Asynchronous output buffer for calendar (c#) - c#

Ok, I'm currently writing a scheduling web app for a large company, and it needs to be fast. Normal fast (<1s) doesn't cut it with these guys, so we're aiming for <0.5s, which is hard to achieve when using postbacks.
My question is: does anyone have a suggestion of how best to buffer calendar/schedule data to speed load times?
My plan is to load the selected week's data, and another week on either side, and use these to buffer the output: i.e. it will never have load the week you've asked for, it'll always have that in memory, and it'll buffer the weeks on either side for when you next change.
However, I'm not sure exactly how to achieve this, the asynch loading is simple when using ajax pagemethods, but it's a question of where to store the data (temporarily) after it loads: I am currently using a static class with a dictionary> to do it, but this is probably not the best way when it comes to scaling to the large userbase.
Any suggestions?
EDIT
The amount of data loaded is not particularly high (there are a few fields on each appointment, which are converted to a small container class and have some processing done on them to organise the dates and calculate the concurrent appointments, and it's unlikely there'll be more than ~30 appointments a week due to the domain) however the database is under very high load from other areas of the application (this is a very large scale system with thousands of users transfering a large volume of information around).

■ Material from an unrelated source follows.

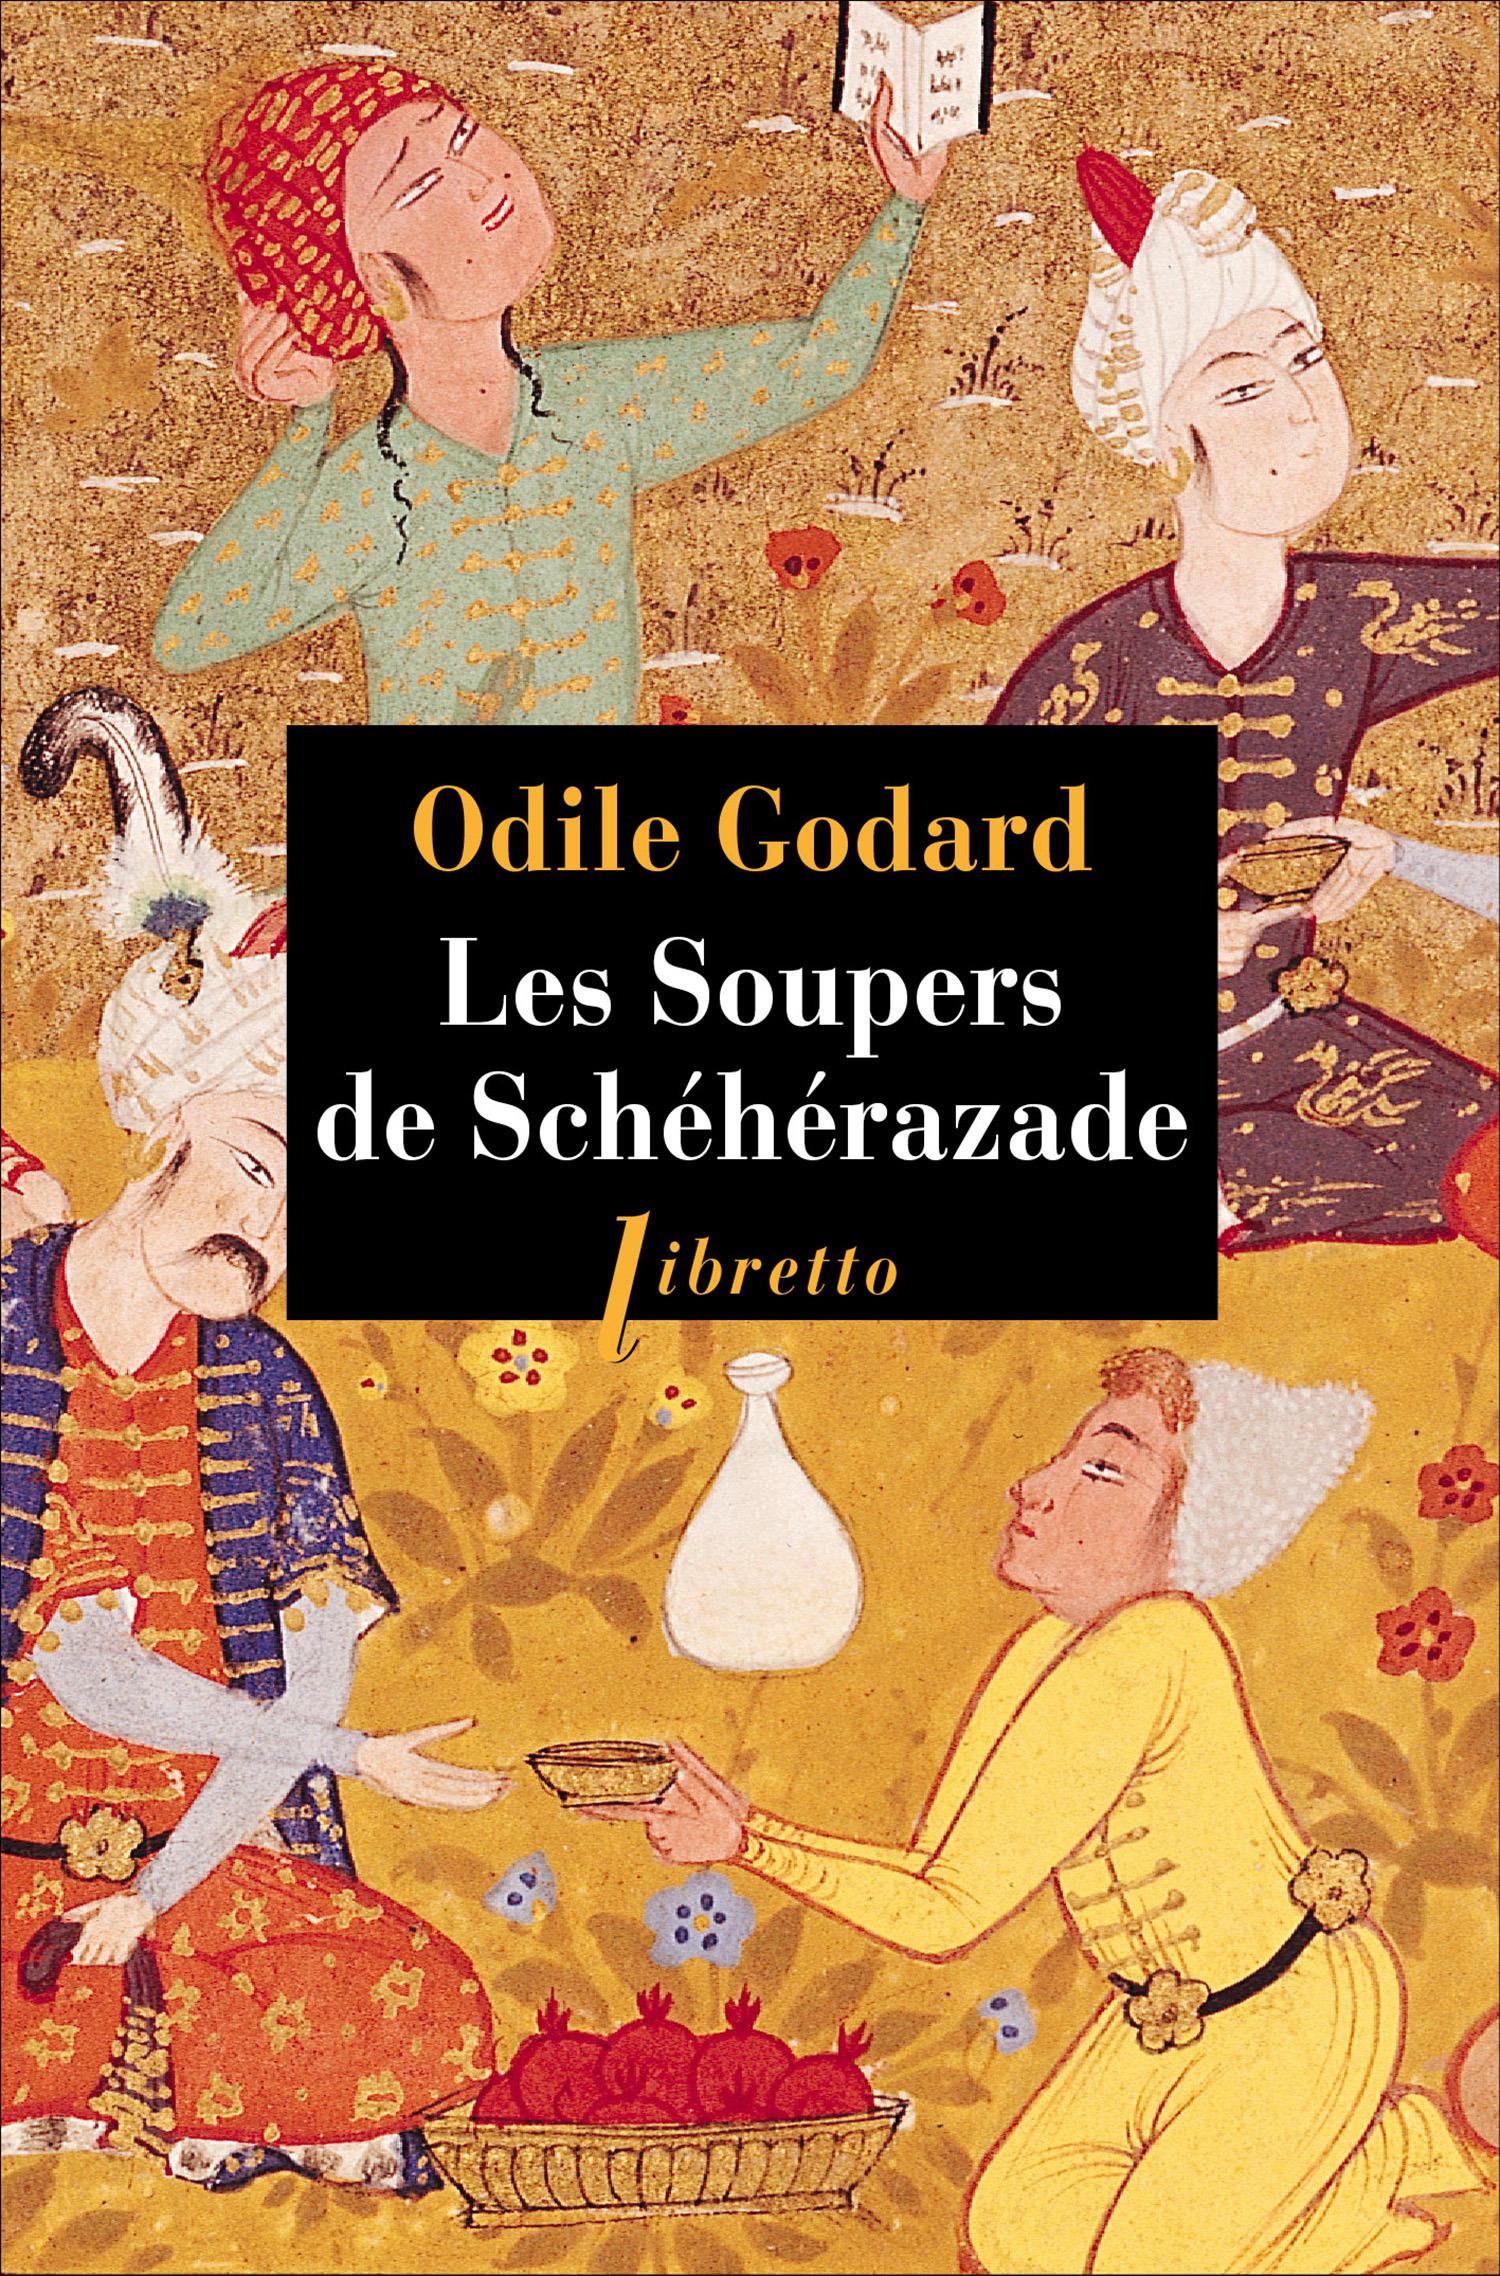 Odile Godard Les soupers de Schéhérazade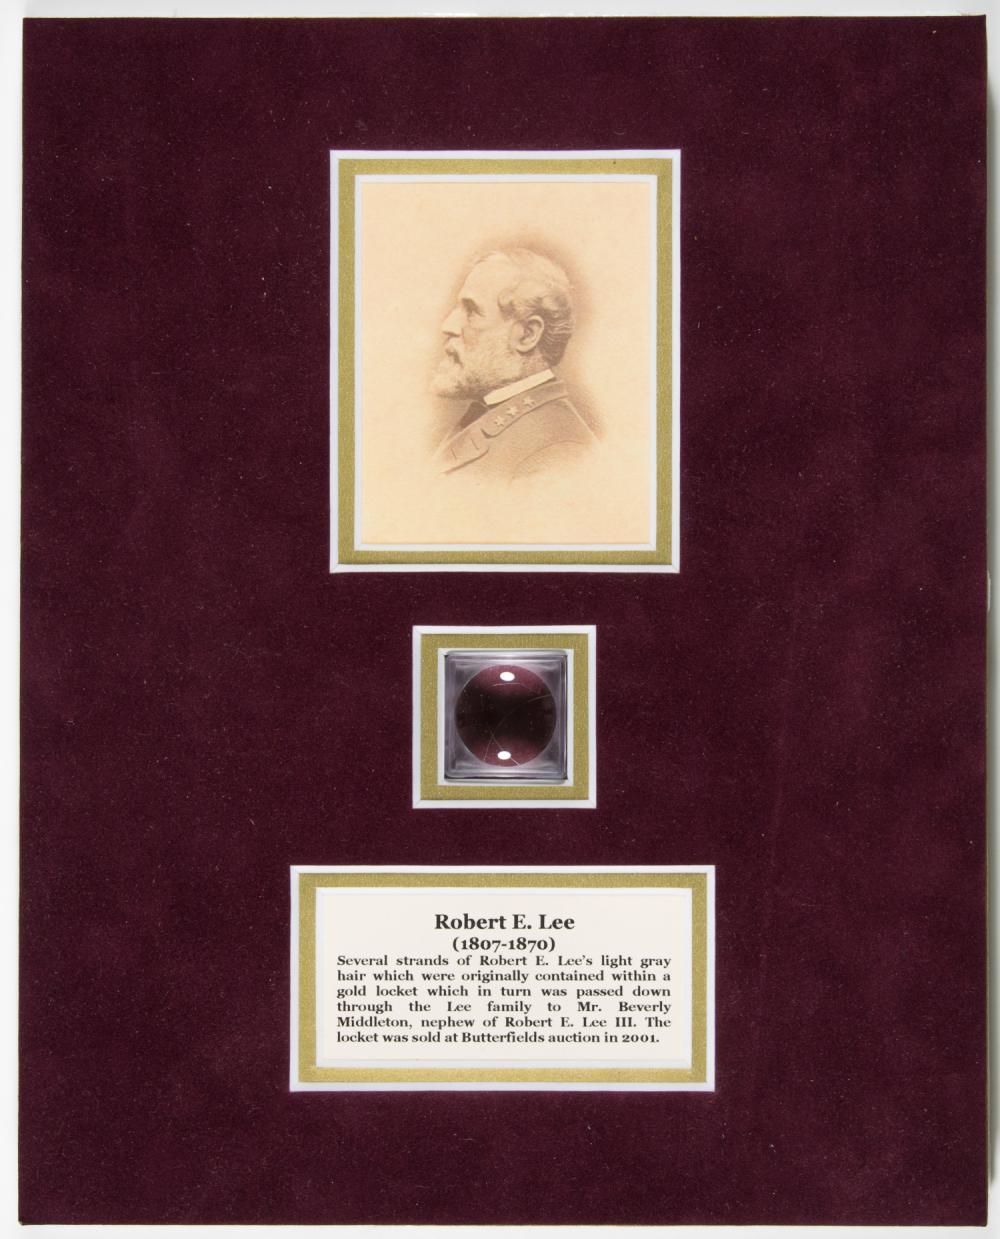 A SMALL LOCK OF ROBERT E. LEE'S HAIR

So are you putting your buffered content on the client or the server here? I would think the thing to do would be to chuck the data for previous and next weeks into a javascript data structure on the page and then let the client arrange it for you. Then you could just be bouncing back to the server asynchronously for the next week when one of your buffered neighbour weeks is opened so you're always a week ahead as you have said, assuming that the data will only be accessed in a week-by-week way.
I would also, for the sake of experimentation, see what happens if you put a lot more calendar data into the page to process with Javascript - this type of data can often be pretty small, even a lot of information barely adding up to the equivalent of a small image in terms of data transfer - and you may well find that you can have quiet a bit of information cached ahead of time.
It can be really easy to assume that because you have a tool like Ajax you should be using it the whole time, but then I do use a hammer for pretty much all jobs around the home, so I'm a fine one to talk on that front.

The buffering won't help on the first page, though - only on subsequent back/forward requests.
Tbh I don't think there's much point, as you'll want to support hyperlinks and redirects from other sources as much as or more than just back/forward. You might also want to "jump" to a month. Forcing users to page back and forwards to get to the month they want is actually going to take longer and be more frustrating than a <1s response time to go straight to the page they want.
You're better off caching data generally (using something like Velocity) so that you almost never hit the db, but even that's going to be hard with lots of users.
My recommendation is to get it working, then use a profiling tool (like ANTS Profiler) to see which bits of code you can optimise once it's functionally correct.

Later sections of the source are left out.